:: DATASET ENTRIES

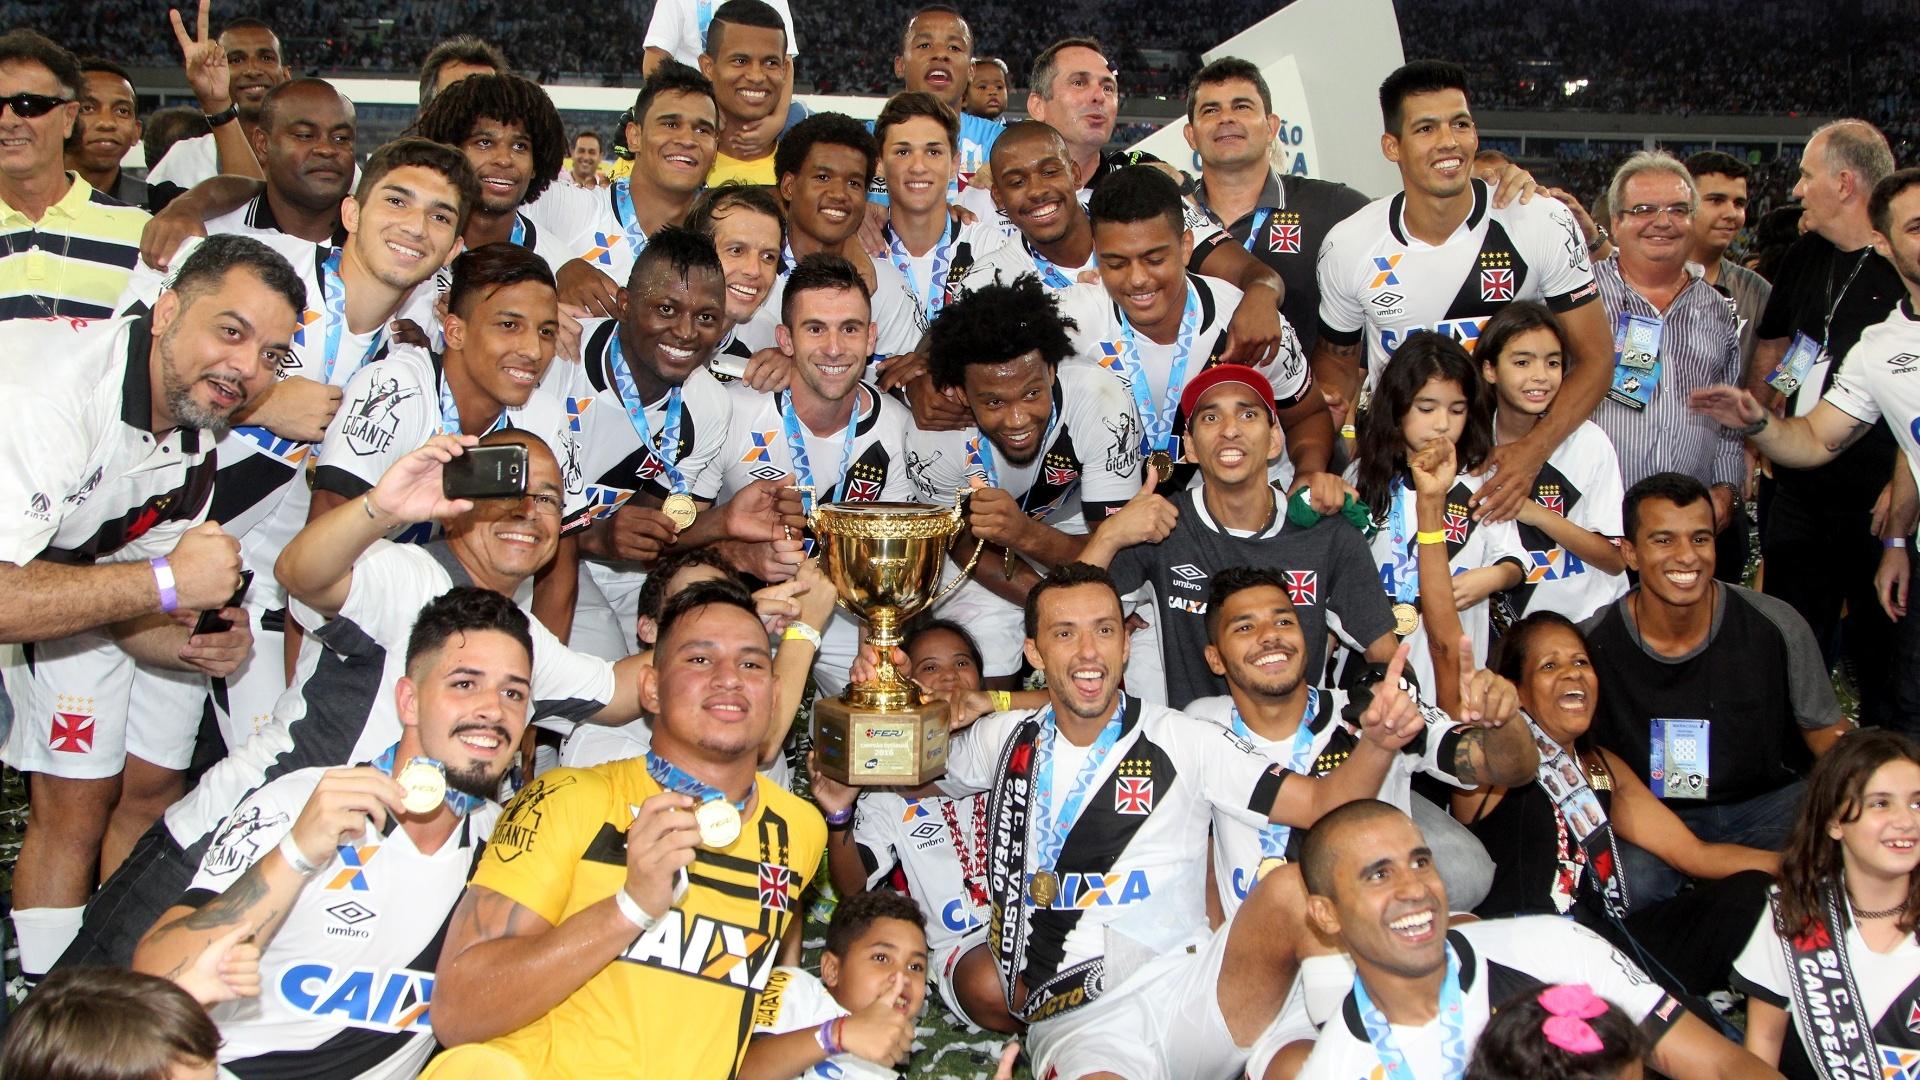 Jogadores do Vasco da Gama comemoram conquista do Campeonato Carioca 2016
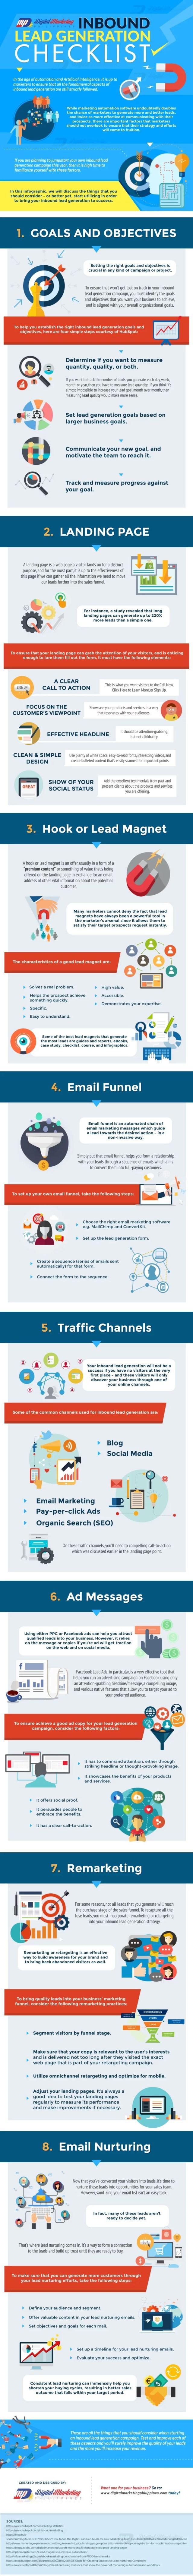 Inbound Lead Generation Checklist [Infographic]
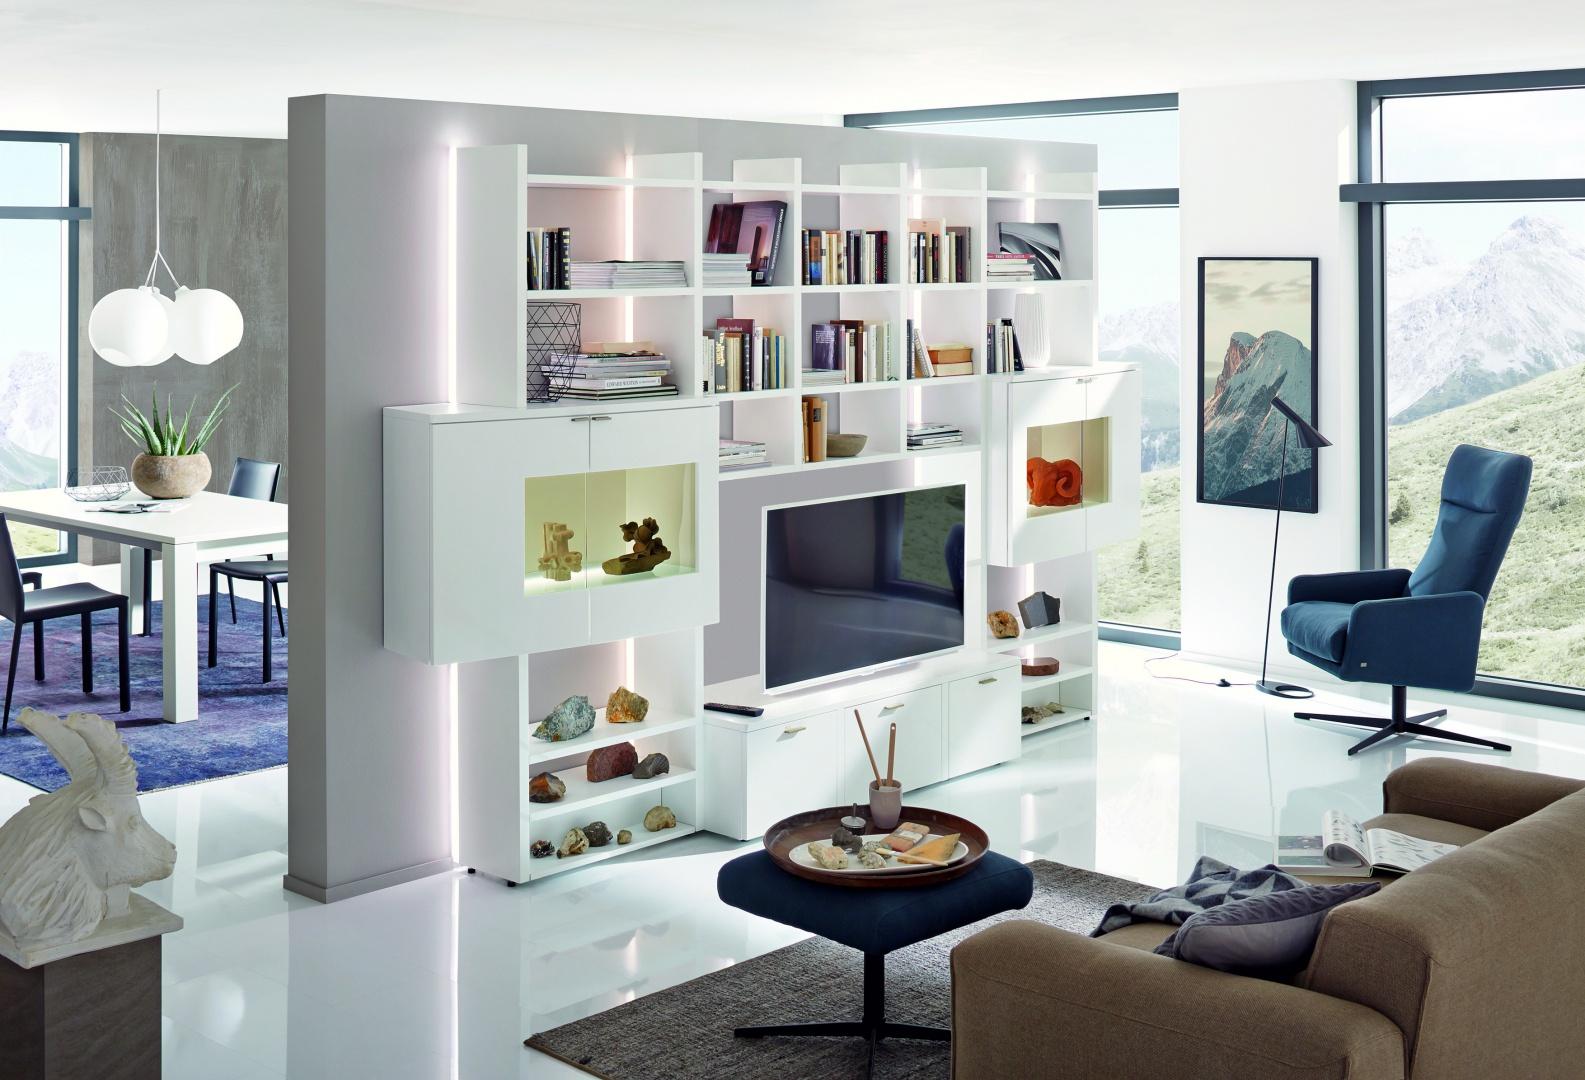 Efektownie podświetlona meblościanka jest przede wszystkich domową biblioteczką. Tutaj jest strefa rozrywki - dla miłośników książek, jak i telemaniaków. Fot. Huelsta
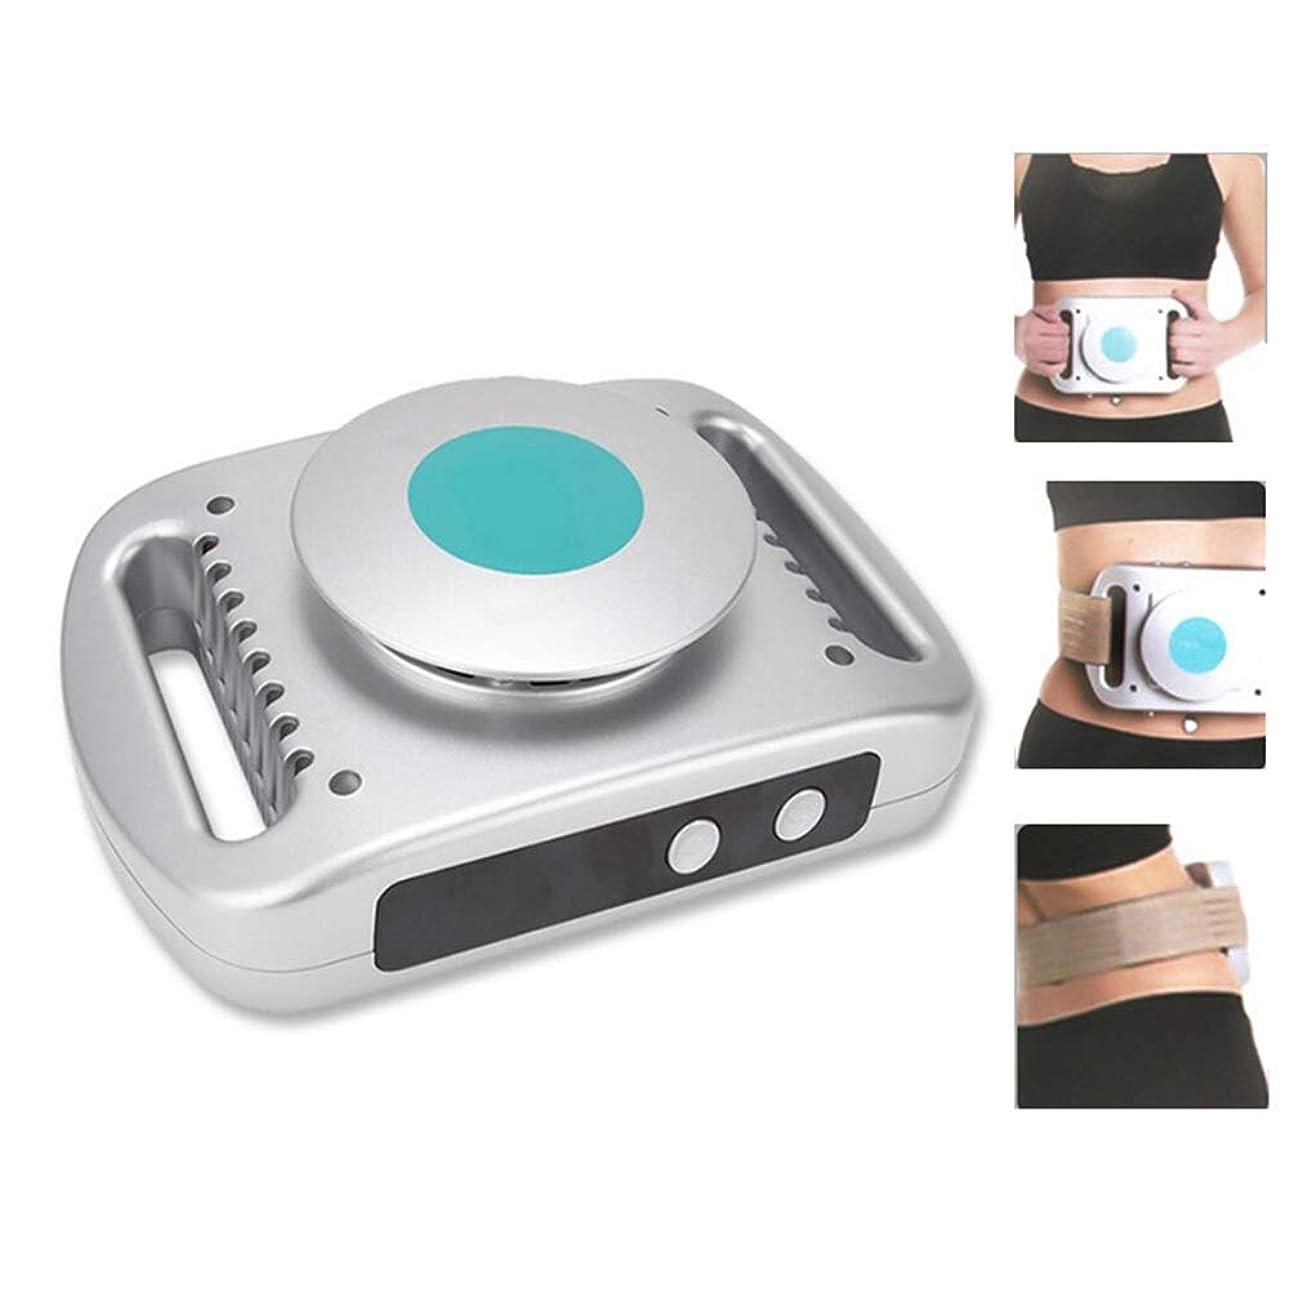 亡命買収ブラザー脂肪凍結Slim身マシン-アーム、ウエスト、太もも、ヒップ、脚体Slim身デバイス調節可能なストラップ用のコールドセラピーマッサージャー
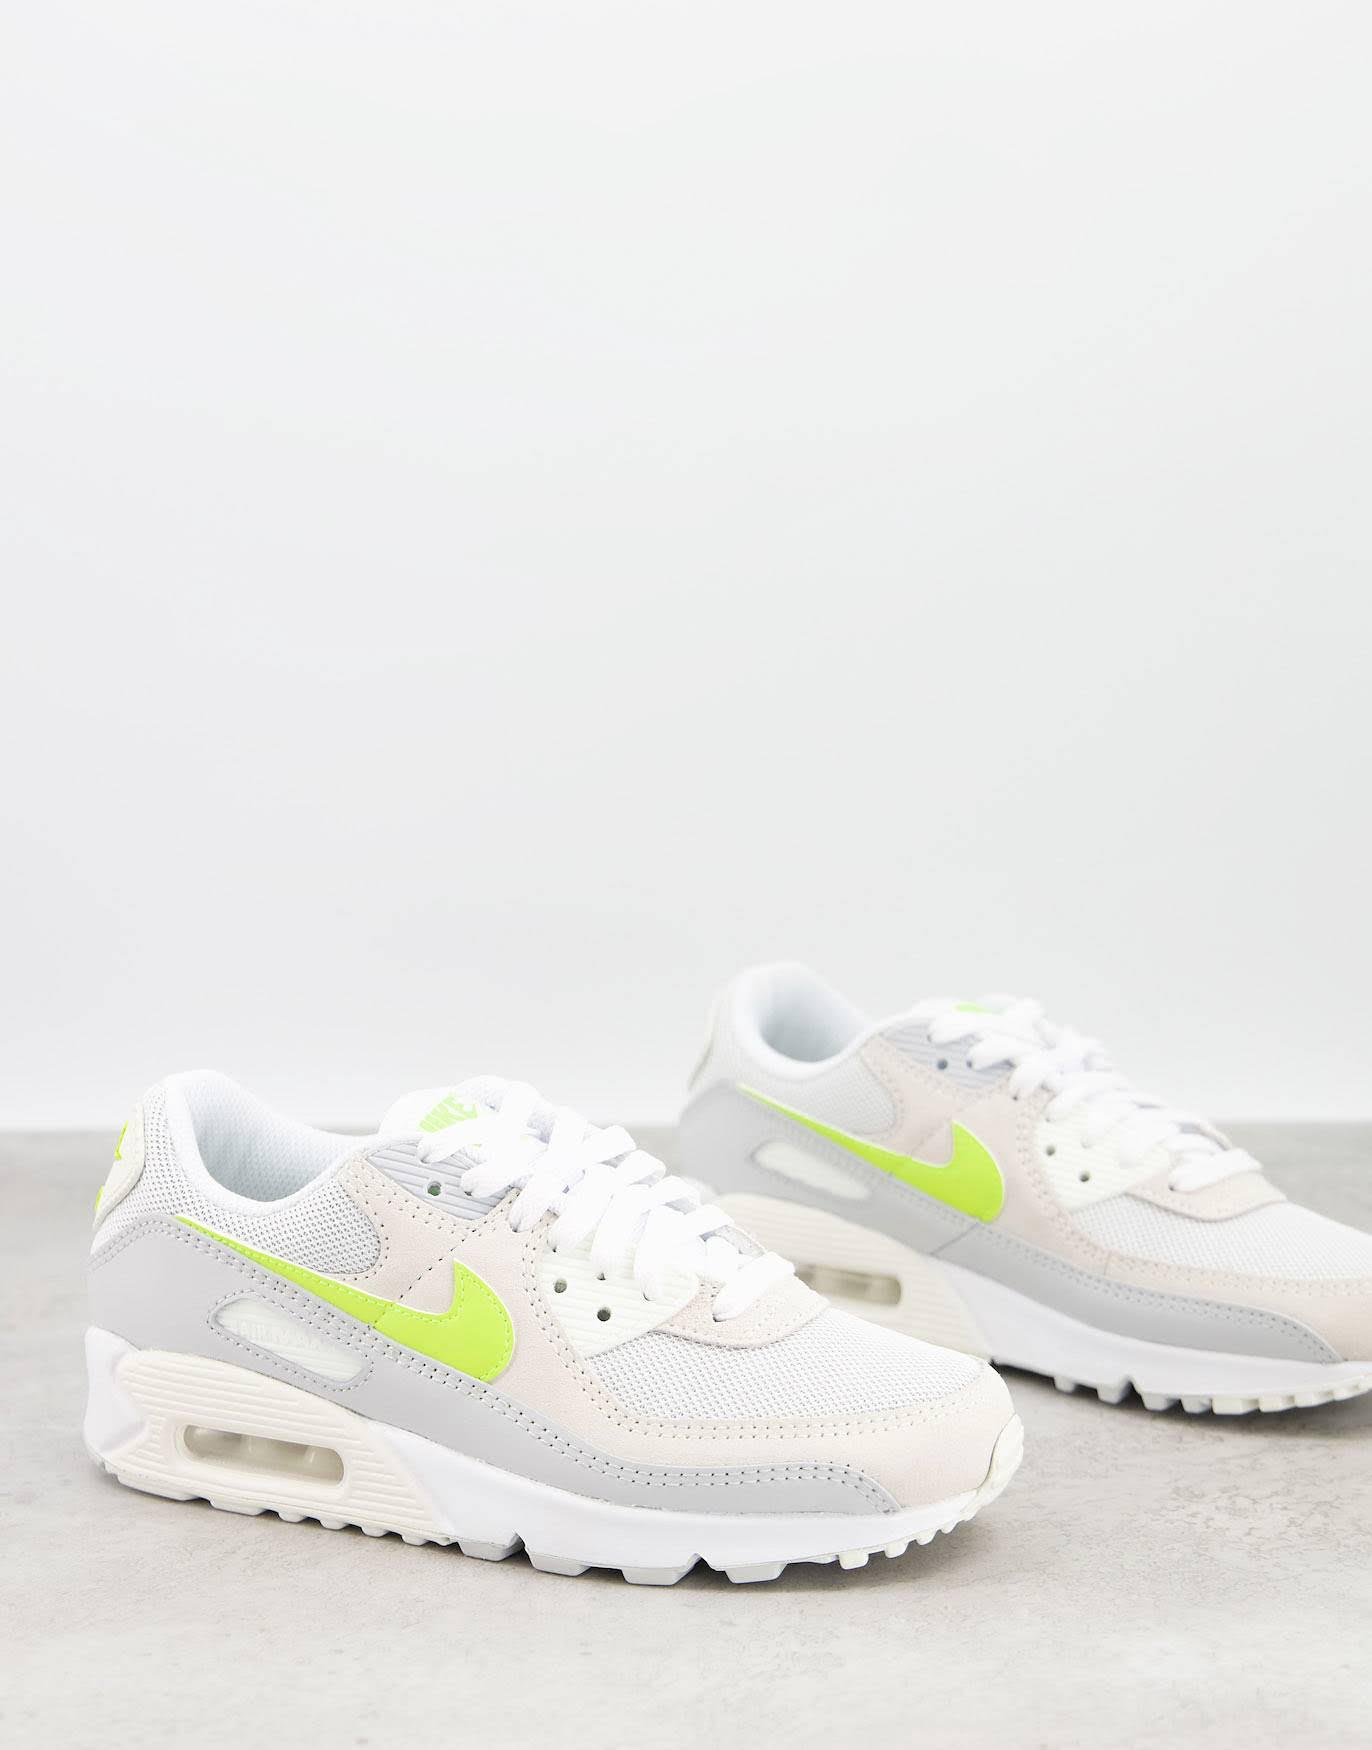 Zapatillas blancas y limón pastel Air Max 90 de Nike

::::

ABOUT THIS EXERCISE: When you reach the line holding "Efektownie podświetlona meblościanka" in the listing above, begin retyping exactly, and stop once the line holding "亡命買収ブラザー脂肪凍結Sl" is done; pictures stay out.

COMPLETED TASK:
 Efektownie podświetlona meblościanka jest przede wszystkich domową biblioteczką. Tutaj jest strefa rozrywki - dla miłośników książek, jak i telemaniaków. Fot. Huelsta
 亡命買収ブラザー脂肪凍結Slim身マシン-アーム、ウエスト、太もも、ヒップ、脚体Slim身デバイス調節可能なストラップ用のコールドセラピーマッサージャー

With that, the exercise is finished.